British women typically save less than one-third of what their male counterparts do for retirement, research by the Pensions Policy Institute (PPI) has uncovered.

29 JULY 2019 | CHRIS SEEKINGS
"Shocking" gender pensions gap recorded ©Shutterstock
"Shocking" gender pensions gap recorded ©Shutterstock


The findings show that the average pension pot for women in their 60s is around £51,100, compared to £156,500 for men, with part-time working largely to blame.

Working part-time is thought to be responsible for a 47% cut in women’s pension wealth by their late 50s, compared with a 28% reduction caused by the gender pay gap.

This is compounded by the fact that women live 3.7 more years than men on average, meaning that their pensions need to last longer.

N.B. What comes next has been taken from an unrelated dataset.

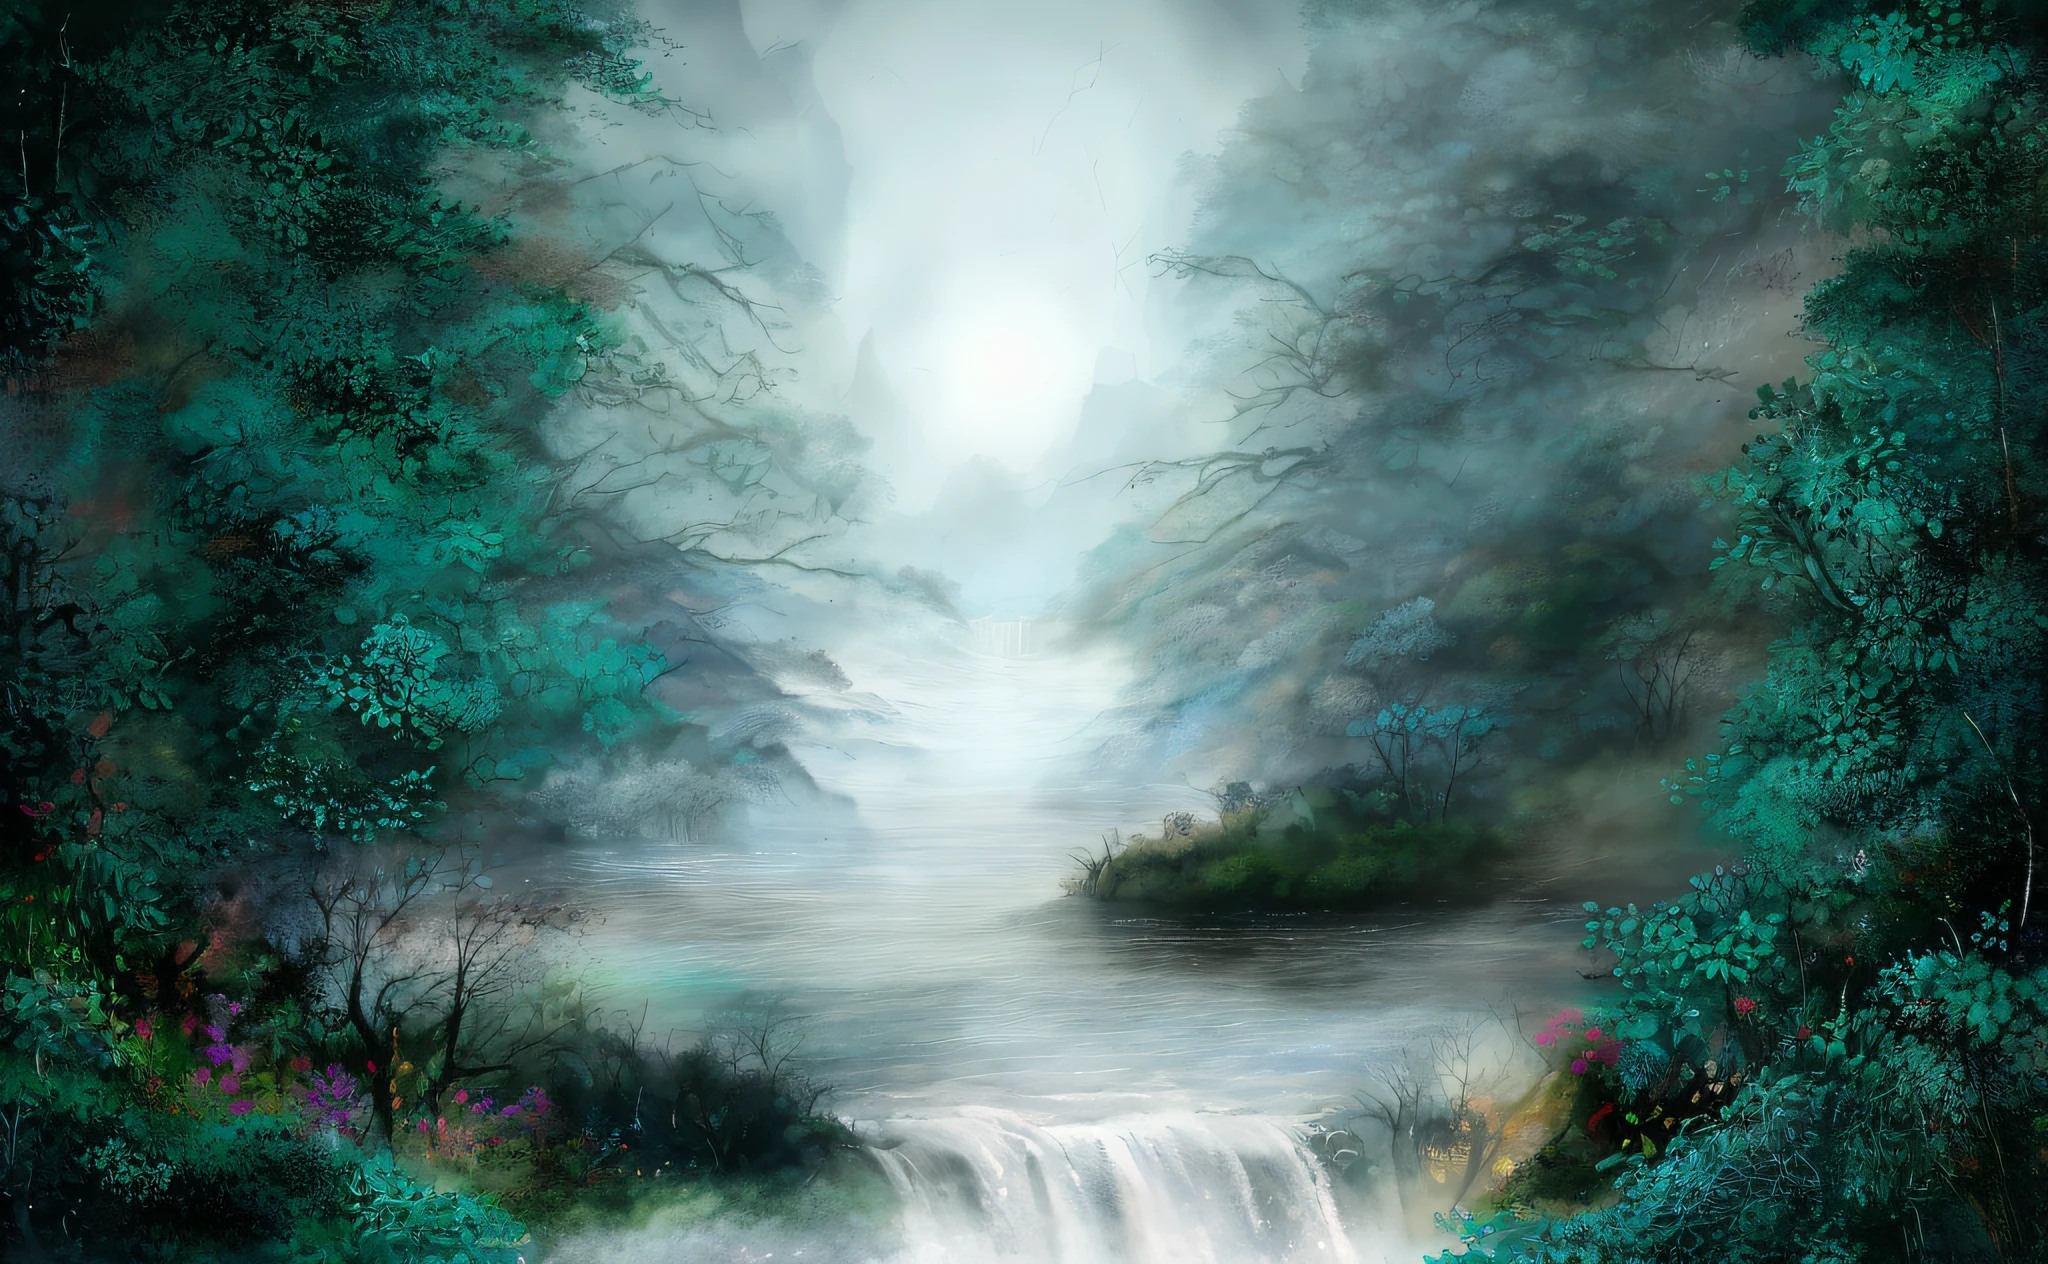 (extremely detailed 8k wallpaper) +, Painting of a waterfall in a forest with full moon, mystical forest pond, atmospheric. digital painting, background art, misty environment, forrest fantasy background, background is hazy, soft digital painting, dreamlike digital painting, fantasy forest landscape, waterfall. fog, fantasy forest background, misty background, forest and waterfall, in a forest. digital art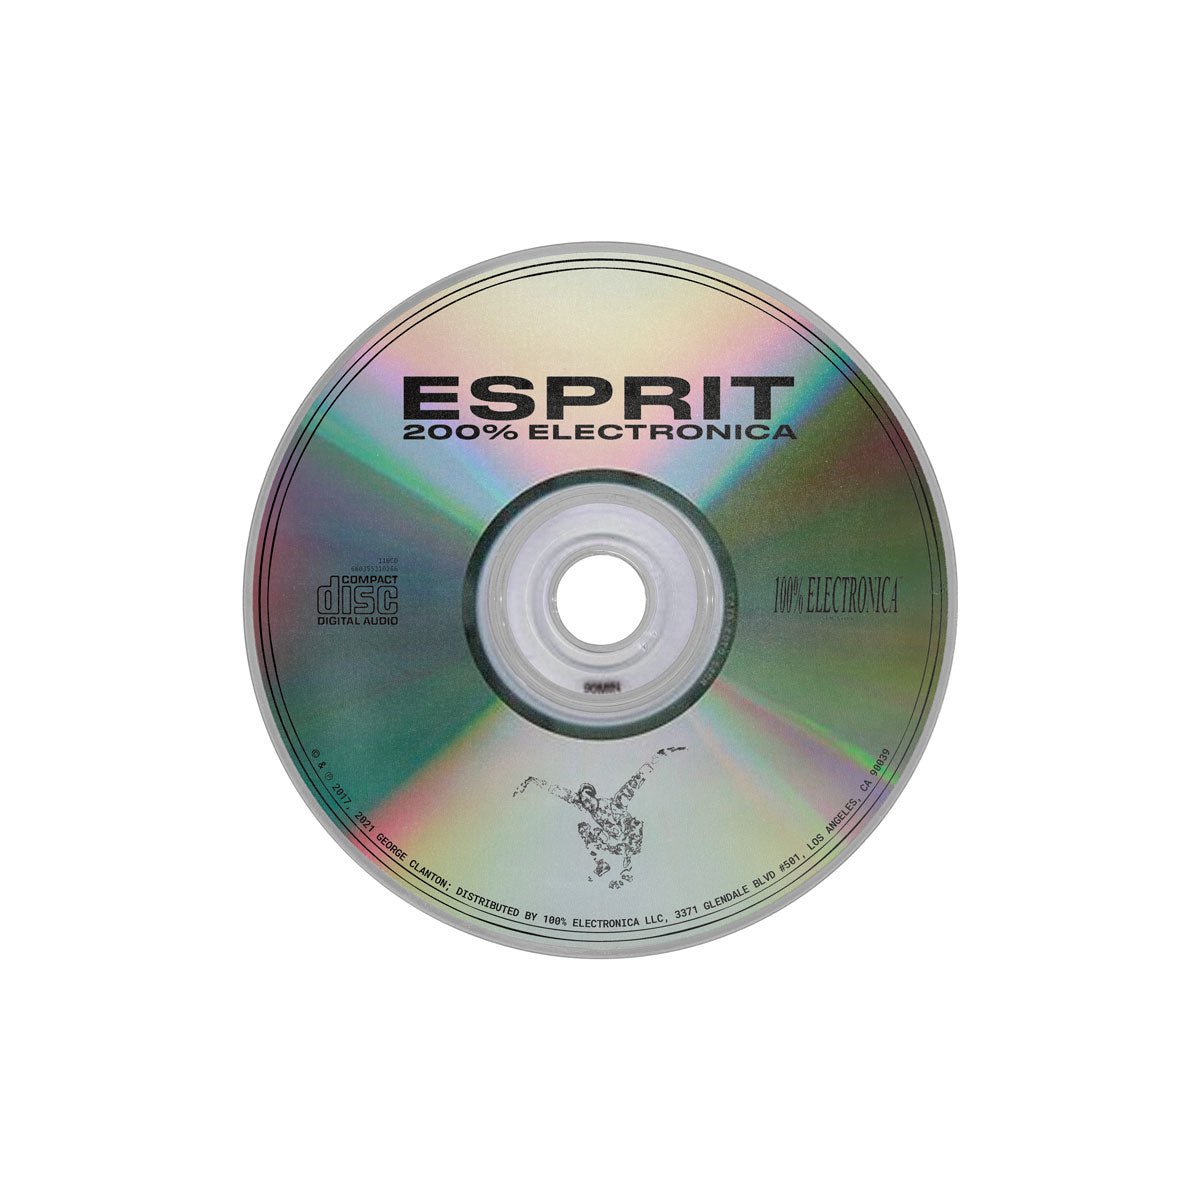 ESPRIT 空想 - 200% Electronica CD - 100% Electronica Official Store (Photo 2)

The researchers found that women need to save approximately 5-7% more than men on average if they are to drawn the same pension income throughout their retired life.

Joanne Segars, chair of trustees at NOW: Pensions, which commissioned the research, said that the “part-time pensions penalty” must not be ignored any longer.

“Policy and regulation around saving for retirement need to change to better reflect the changes in the workplace and society," she continued.

"Small changes to auto-enrolment could make a big difference for women, but to really bridge the gap, more needs to be done to help mums remain in the workforce."

The analysis shows that a record 71.4% of women are now in work, but that 41% of these were working part-time in the last quarter of 2018, compared with 13% of men.

And a part-time salary might mean that they do not meet the £10,000 a year threshold needed in a single job to be automatically enrolled into a workplace pension scheme.

NOW: Pensions called for an end to the £10,000 auto-enrolment trigger, and said that workplace pension contributions should be paid on every pound of earnings.

This could bring 1.4 million women into pension saving and boost wealth by 140%, while improving the availability of childcare and reforming divorce settlements are also suggested.

And a ‘family carer’s top up’ could help too, with the government paying the equivalent of an employer’s contribution at national living wage level when women take time out of work to care.

“The shocking pensions gap that women experience is a result of a lifetime of income and workplace inequality,” said Sam Smethers, chief executive at the Fawcett Society.

“If we introduced a carer’s top up for pension contributions and lowered the threshold so that more low paid women in part-time work could benefit, that could make a real difference.”